LOS ANGELES — Joe Burrow knows what the top tier of NFL quarterbacks looks like.
The Cincinnati Bengals quarterback has Green Bay’s Aaron Rodgers firmly in that category after Rodgers won his fourth Associated Press Most Valuable Player award. Two days before playing in Super Bowl LVI, Burrow cited Rodgers as the benchmark he’s pursuing.
“I’m chasing Aaron Rodgers to try to be the best,” Burrow said during the final day of Super Bowl media interviews. “He’s been doing it for a long time.”
Wearing blue sunglasses and seated in the bleachers of UCLA’s Drake Stadium, Burrow included former Tampa Bay quarterback Tom Brady and Kansas City’s Patrick Mahomes in that group of elite players.
Burrow’s Bengals beat Mahomes and Kansas City twice this season — once in Week 17 to clinch the AFC North title and again on Jan. 30 to win the AFC Championship Game and secure Cincinnati’s first Super Bowl trip since 1989.
The Bengals lost to Rodgers and the Packers in overtime on Week 5. Burrow said Rodgers “played great all year” and was deserving after throwing for 37 touchdowns and just four interceptions this year.
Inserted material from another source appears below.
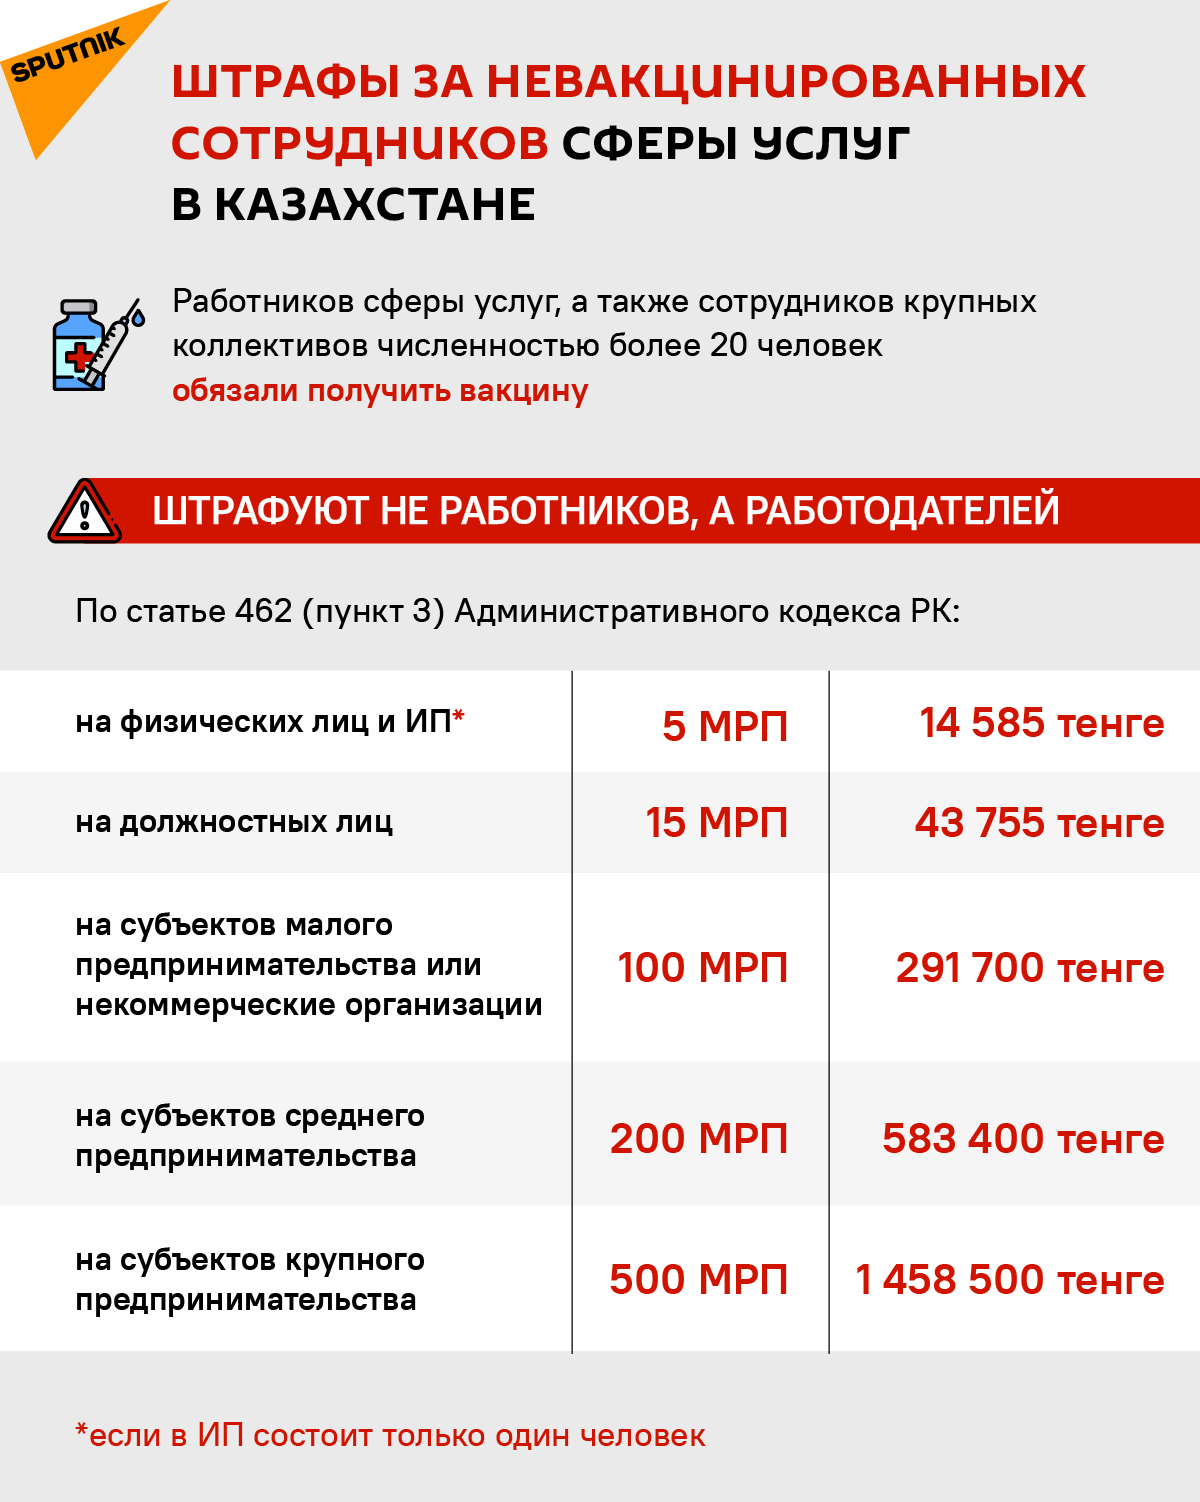 Штрафы за вакцинацию - инфографика

However, the Bengals’ second-year quarterback is no stranger to accolades. In college, he won the Heisman Trophy before being selected with the first overall pick in the 2020 draft.
He added to that collection on Thursday when he took home the league’s Comeback Player of the Year at the NFL Honors in Los Angeles. After suffering a season-ending knee injury in his rookie season, Burrow didn’t miss any offseason activities and led Cincinnati to its first playoff berth in 2015.
Burrow admitted that he thinks about what a win in the Super Bowl will do for his legacy and people’s perception of him when discussing the best quarterbacks in the NFL. But the former LSU standout seeking to win the game’s highest prize knows that’s not a plan for success.
“I try not to think about that kind of stuff because I think if you go down that road, you start worrying about the wrong things,” Burrow said. “So I’ve tried to stay focused on the job at hand.”